Sepanjang tahun 2025, tercatat 180 kasus kekerasan terhadap perempuan dan anak di Kota Tasikmalaya. Data tersebut dirilis oleh Dinas PPKBP3A (Pengendalian Penduduk, Keluarga Berencana, Pemberdayaan Perempuan, dan Perlindungan Anak).
Angka itu bukan sekadar statistik. Di balik setiap kasus, tersimpan cerita luka, air mata, dan ketakutan yang belum sepenuhnya hilang.
“Setiap laporan yang masuk bukan sekadar berkas, tapi ada jiwa yang butuh pertolongan,” tutur Heni Handini, M.Pd, Ketua Forum Puspa Kota Tasikmalaya, dengan nada lirih namun tegas.
Kekerasan Masih Menghantui Rumah Tangga
Sebagian besar kasus di Tasikmalaya melibatkan kekerasan dalam rumah tangga (KDRT), kekerasan seksual, hingga penelantaran anak. Kekerasan ini tidak hanya meninggalkan luka fisik, tapi juga trauma psikologis mendalam yang kerap luput dari perhatian.
Menurut data KemenPPPA melalui SIMFONI PPA, lebih dari 23 ribu kasus kekerasan terhadap perempuan dan anak terjadi secara nasional sepanjang 2024. Artinya, setiap dua jam, ada satu perempuan atau anak yang menjadi korban.

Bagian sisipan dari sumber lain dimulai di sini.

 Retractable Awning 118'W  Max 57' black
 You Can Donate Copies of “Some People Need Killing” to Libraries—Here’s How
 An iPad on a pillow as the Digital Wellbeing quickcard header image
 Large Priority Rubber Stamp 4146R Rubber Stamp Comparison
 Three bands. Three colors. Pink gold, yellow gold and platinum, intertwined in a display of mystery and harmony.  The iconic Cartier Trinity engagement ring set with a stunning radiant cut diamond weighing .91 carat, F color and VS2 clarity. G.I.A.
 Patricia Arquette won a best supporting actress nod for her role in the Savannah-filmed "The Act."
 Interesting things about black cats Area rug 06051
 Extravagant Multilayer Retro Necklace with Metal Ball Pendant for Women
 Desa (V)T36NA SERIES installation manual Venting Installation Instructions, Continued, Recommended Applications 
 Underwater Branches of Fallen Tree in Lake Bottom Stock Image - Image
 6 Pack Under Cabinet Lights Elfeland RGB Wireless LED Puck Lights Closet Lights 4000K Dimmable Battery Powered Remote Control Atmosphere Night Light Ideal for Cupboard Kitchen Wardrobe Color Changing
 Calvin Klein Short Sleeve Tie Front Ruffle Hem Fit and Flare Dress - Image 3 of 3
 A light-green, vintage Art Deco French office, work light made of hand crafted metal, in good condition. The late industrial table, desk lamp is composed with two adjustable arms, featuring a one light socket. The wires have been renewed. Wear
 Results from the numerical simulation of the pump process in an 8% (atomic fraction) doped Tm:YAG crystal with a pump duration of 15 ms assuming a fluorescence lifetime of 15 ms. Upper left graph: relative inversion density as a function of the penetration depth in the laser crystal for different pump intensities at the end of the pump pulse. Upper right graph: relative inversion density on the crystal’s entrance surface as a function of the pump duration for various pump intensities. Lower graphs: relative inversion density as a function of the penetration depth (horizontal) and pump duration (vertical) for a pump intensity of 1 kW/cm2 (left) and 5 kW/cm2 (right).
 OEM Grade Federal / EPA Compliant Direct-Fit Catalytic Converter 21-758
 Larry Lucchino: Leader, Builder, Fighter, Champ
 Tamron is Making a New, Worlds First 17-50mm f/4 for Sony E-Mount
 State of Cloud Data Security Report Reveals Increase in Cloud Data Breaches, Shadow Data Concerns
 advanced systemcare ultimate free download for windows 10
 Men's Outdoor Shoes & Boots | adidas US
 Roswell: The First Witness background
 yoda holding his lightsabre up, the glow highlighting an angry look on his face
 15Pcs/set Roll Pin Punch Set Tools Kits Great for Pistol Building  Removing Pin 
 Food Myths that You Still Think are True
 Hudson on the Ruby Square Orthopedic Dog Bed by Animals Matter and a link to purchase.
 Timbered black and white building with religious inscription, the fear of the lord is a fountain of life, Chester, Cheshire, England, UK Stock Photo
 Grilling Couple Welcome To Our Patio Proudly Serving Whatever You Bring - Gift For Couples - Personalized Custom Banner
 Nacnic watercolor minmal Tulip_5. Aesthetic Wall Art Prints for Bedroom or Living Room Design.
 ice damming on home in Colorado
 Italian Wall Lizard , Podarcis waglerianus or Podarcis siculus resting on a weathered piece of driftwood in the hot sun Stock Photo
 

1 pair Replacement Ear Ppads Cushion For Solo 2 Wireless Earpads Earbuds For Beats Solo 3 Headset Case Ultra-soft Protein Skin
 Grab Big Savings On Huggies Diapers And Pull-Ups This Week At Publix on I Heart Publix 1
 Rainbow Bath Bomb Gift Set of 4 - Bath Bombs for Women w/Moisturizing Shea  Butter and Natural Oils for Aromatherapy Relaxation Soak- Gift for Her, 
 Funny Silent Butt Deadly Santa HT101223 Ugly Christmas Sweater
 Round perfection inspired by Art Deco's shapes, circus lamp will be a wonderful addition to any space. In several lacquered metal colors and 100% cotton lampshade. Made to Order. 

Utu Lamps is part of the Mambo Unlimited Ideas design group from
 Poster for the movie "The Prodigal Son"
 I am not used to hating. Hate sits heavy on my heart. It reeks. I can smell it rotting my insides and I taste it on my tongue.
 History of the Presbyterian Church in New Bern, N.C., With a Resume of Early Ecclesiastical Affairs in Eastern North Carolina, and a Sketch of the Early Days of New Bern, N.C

“Angka itu bisa jauh lebih besar, karena banyak korban yang memilih diam. Mereka takut, malu, dan secara ekonomi tergantung pada pelaku,” tambah Heni.
Forum Puspa Bergerak: Bentuk Paralegal untuk Damping Korban
Melihat situasi ini, Forum Puspa Tasikmalaya tak tinggal diam. Forum yang berisi tokoh masyarakat, akademisi, dan aktivis sosial ini menggelar Workshop Paralegal Perlindungan Anak dan Perempuan di Gedung Galih Pawestri, Rabu (29/10/2025).
Sebanyak 64 anggota dilatih menjadi paralegal — relawan terlatih yang memahami dasar hukum, hak-hak korban, dan prosedur pelaporan kekerasan.
“Kami ingin perempuan punya akses keadilan yang sama. Paralegal akan jadi jembatan pertama antara korban dan lembaga hukum,”jelas Heni.
Kota Tasikmalaya Belum Punya Rumah Aman
Namun perjuangan mereka masih terbentur realita pahit. Hingga kini, Kota Tasikmalaya belum memiliki Rumah Aman — tempat perlindungan sementara bagi korban kekerasan.
“Banyak korban tidak bisa pulang karena pelaku masih di rumah. Tapi mereka juga tidak tahu harus tinggal di mana,” ungkap Heni.
Sementara untuk layanan psikologis, hanya ada satu rumah sakit swasta di Tasikmalaya yang memiliki poli jiwa. Biaya yang masih relatif tinggi menjadi kendala bagi banyak korban.
Pemkot Siapkan Ruang Aman di RS Dewi Sartika
Kabar baik datang dari Kepala Dinas PPKBP3A Kota Tasikmalaya, H. Imin Muhaemin. Ia memastikan pemerintah tengah menyiapkan ruang aman di RS Dewi Sartika sebagai solusi sementara sebelum rumah aman permanen dibangun.